- Ramsey Heights Location within Cambridgeshire
- OS grid reference: TL2585
- District: Huntingdonshire;
- Shire county: Cambridgeshire;
- Region: East;
- Country: England
- Sovereign state: United Kingdom
- Post town: Huntingdon
- Postcode district: PE26
- Dialling code: 01487
- Police: Cambridgeshire
- Fire: Cambridgeshire
- Ambulance: East of England

= Ramsey Heights =

Village in Cambridgeshire, England

Ramsey Heights is a village in Ramsey civil parish, part of the Huntingdonshire district of Cambridgeshire, England.

The Ramsey Heights nature reserve is located on the edge of the village and the larger Woodwalton Fen National Nature Reserve is 2 mi to the southwest of the village.

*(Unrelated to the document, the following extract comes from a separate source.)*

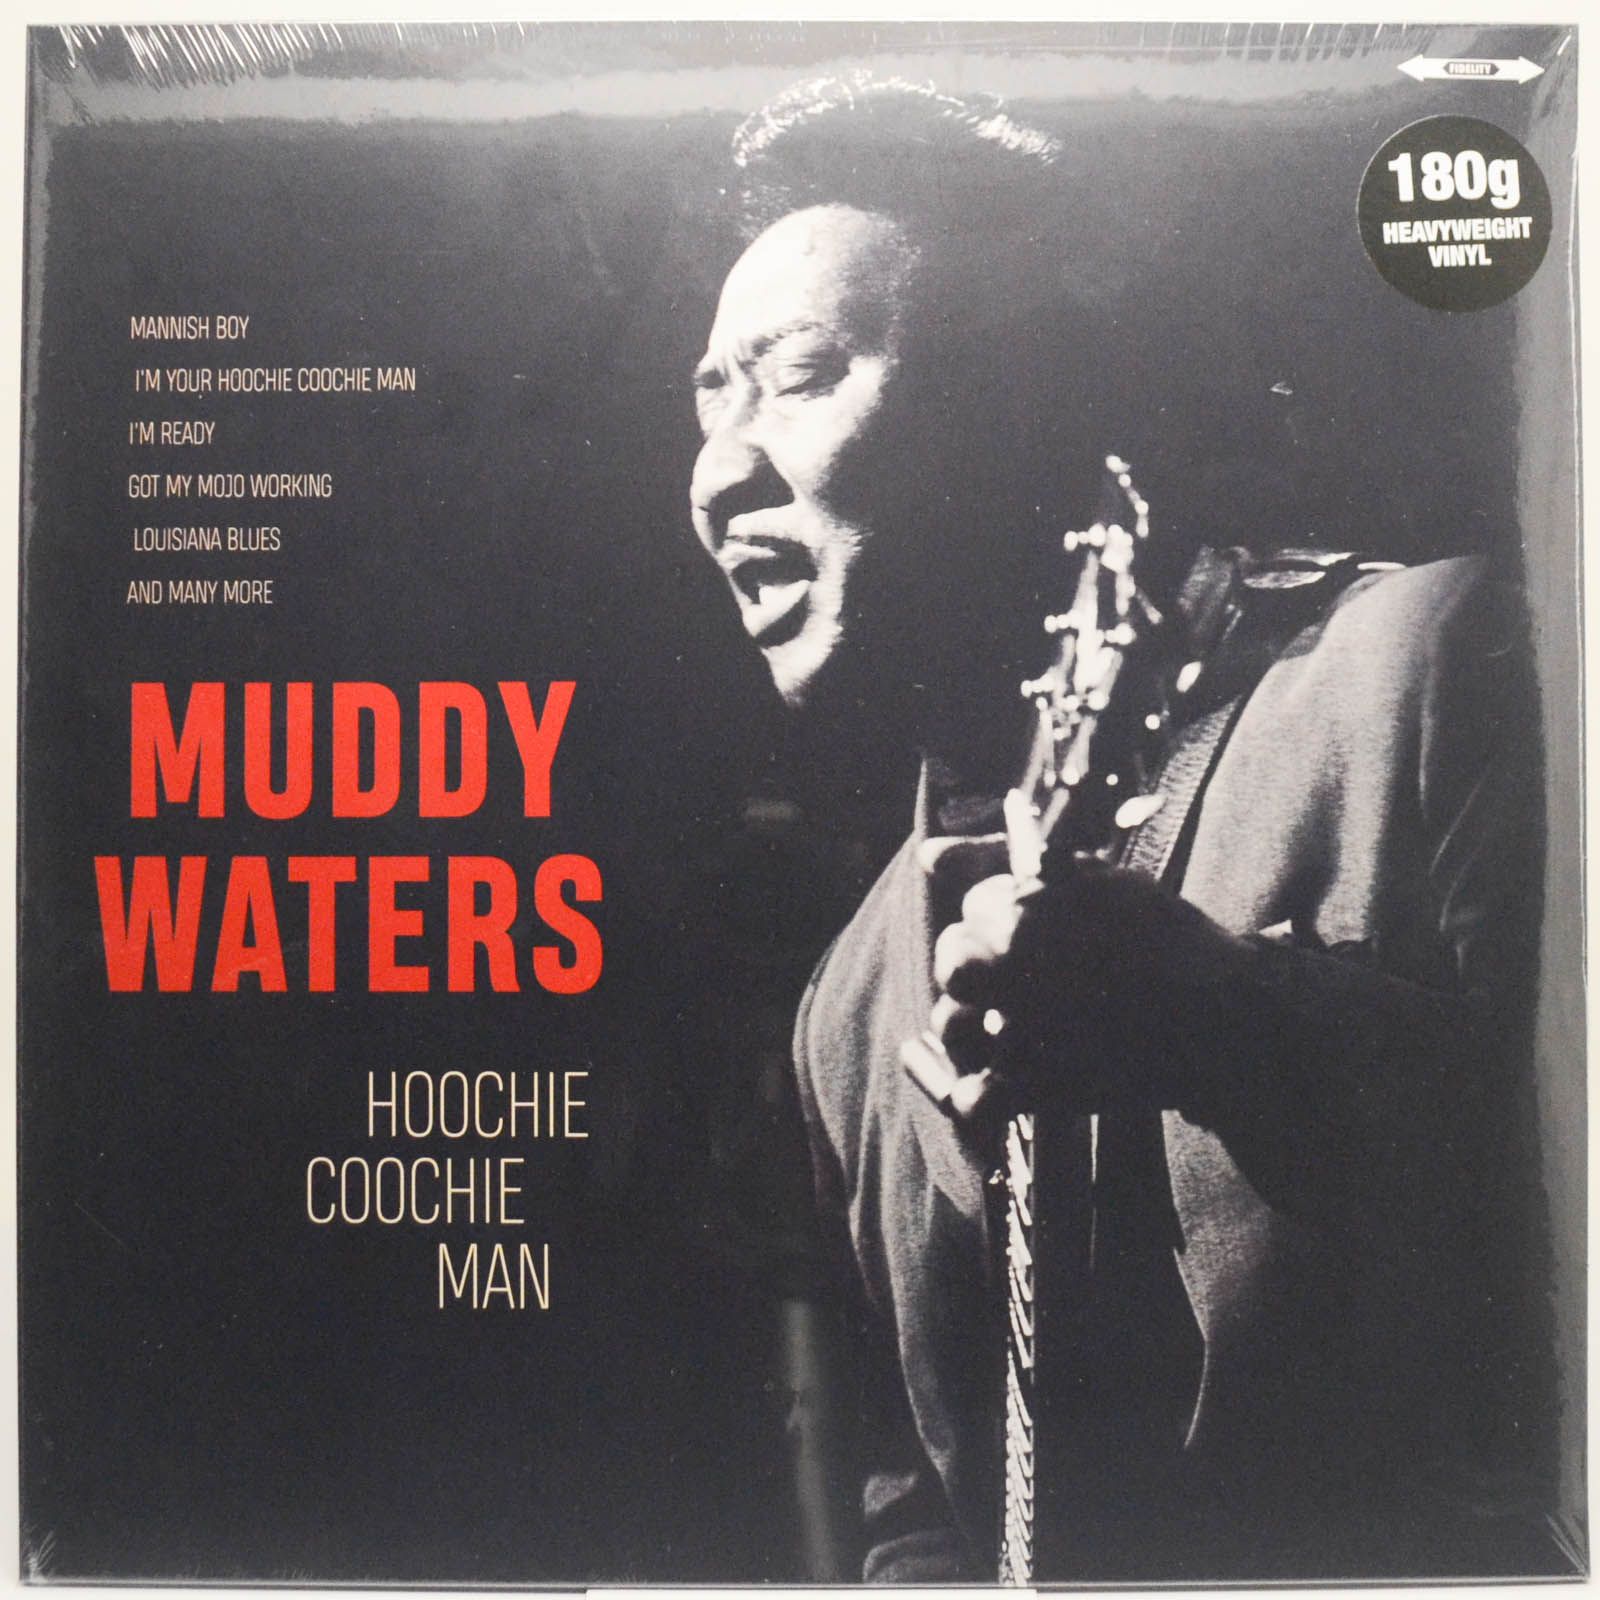 Muddy Waters — Hoochie Coochie Man, 2018

Despite its name, the village is low-lying and straddles the zero-metre contour line in the flat fenland.

== History ==
On 22 November 1940, a Supermarine Spitfire, flown by Pilot Officer Harold Penketh, crashed into Holme Fen.

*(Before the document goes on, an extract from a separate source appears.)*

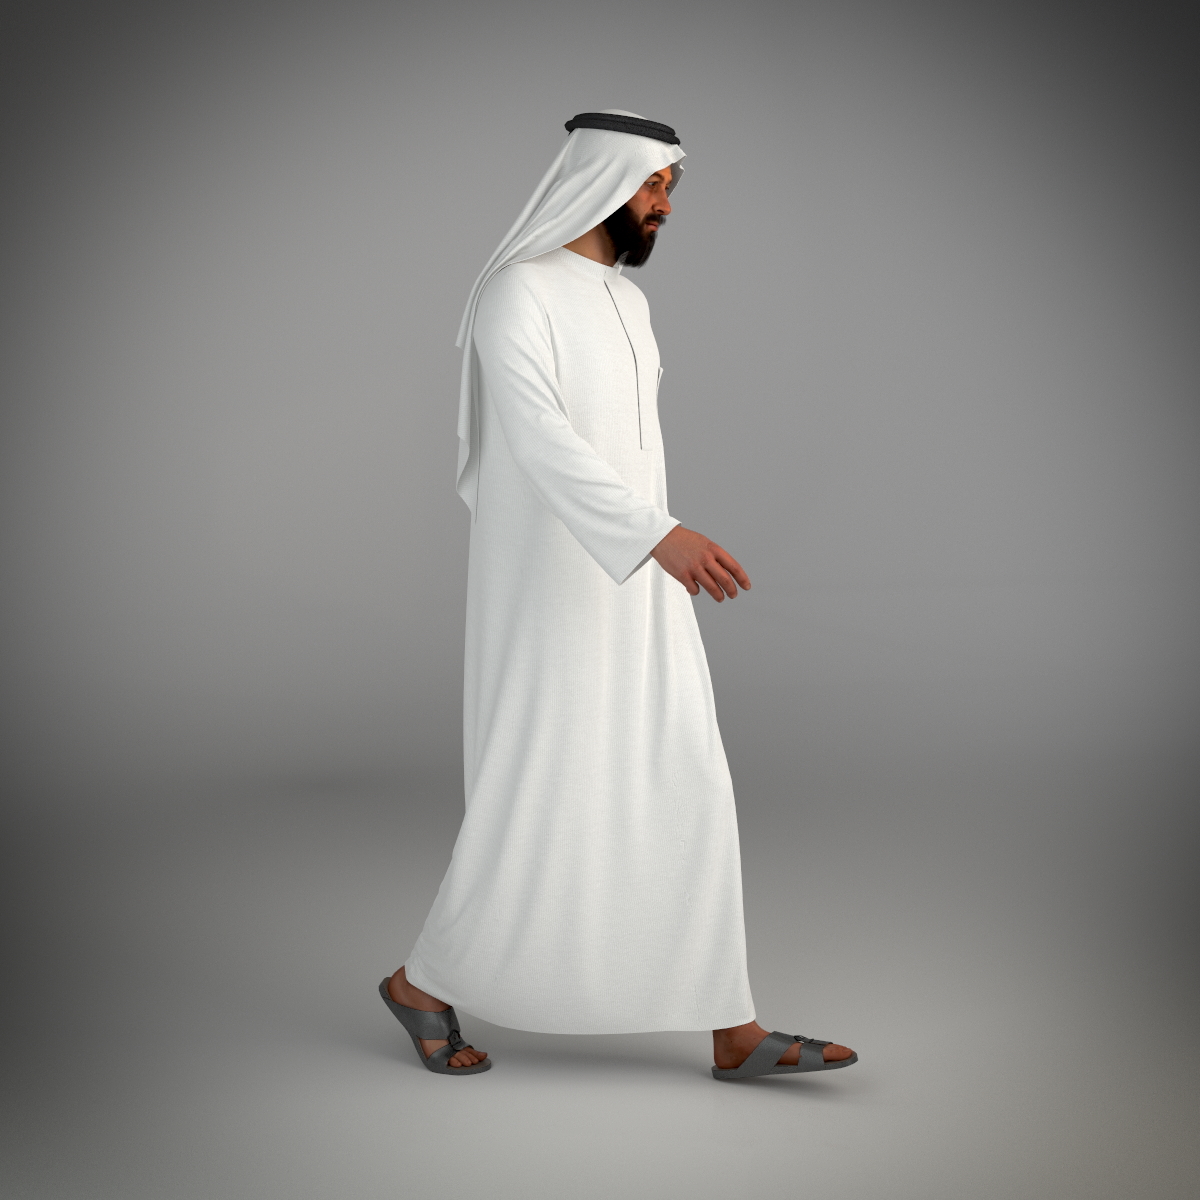 迪拜穿着传统服饰的阿联酋男子 库存照片. 图片 包括有 男人, 中间, 东部, 江边, 现代, 早晨, 一个 - 211855654

In October 2015, archaeological work to recover the Second World War Spitfire was undertaken. The dig's project director was Stephen Macauley of Oxford Archaeology East (OAE). A film of the dig was shown at the Great Fen's Countryside Centre, Ramsey Heights on 27 September 2019.

==Notable residents==
- Sybil Marshall (1913–2005), writer, academic and social historian was born in the village.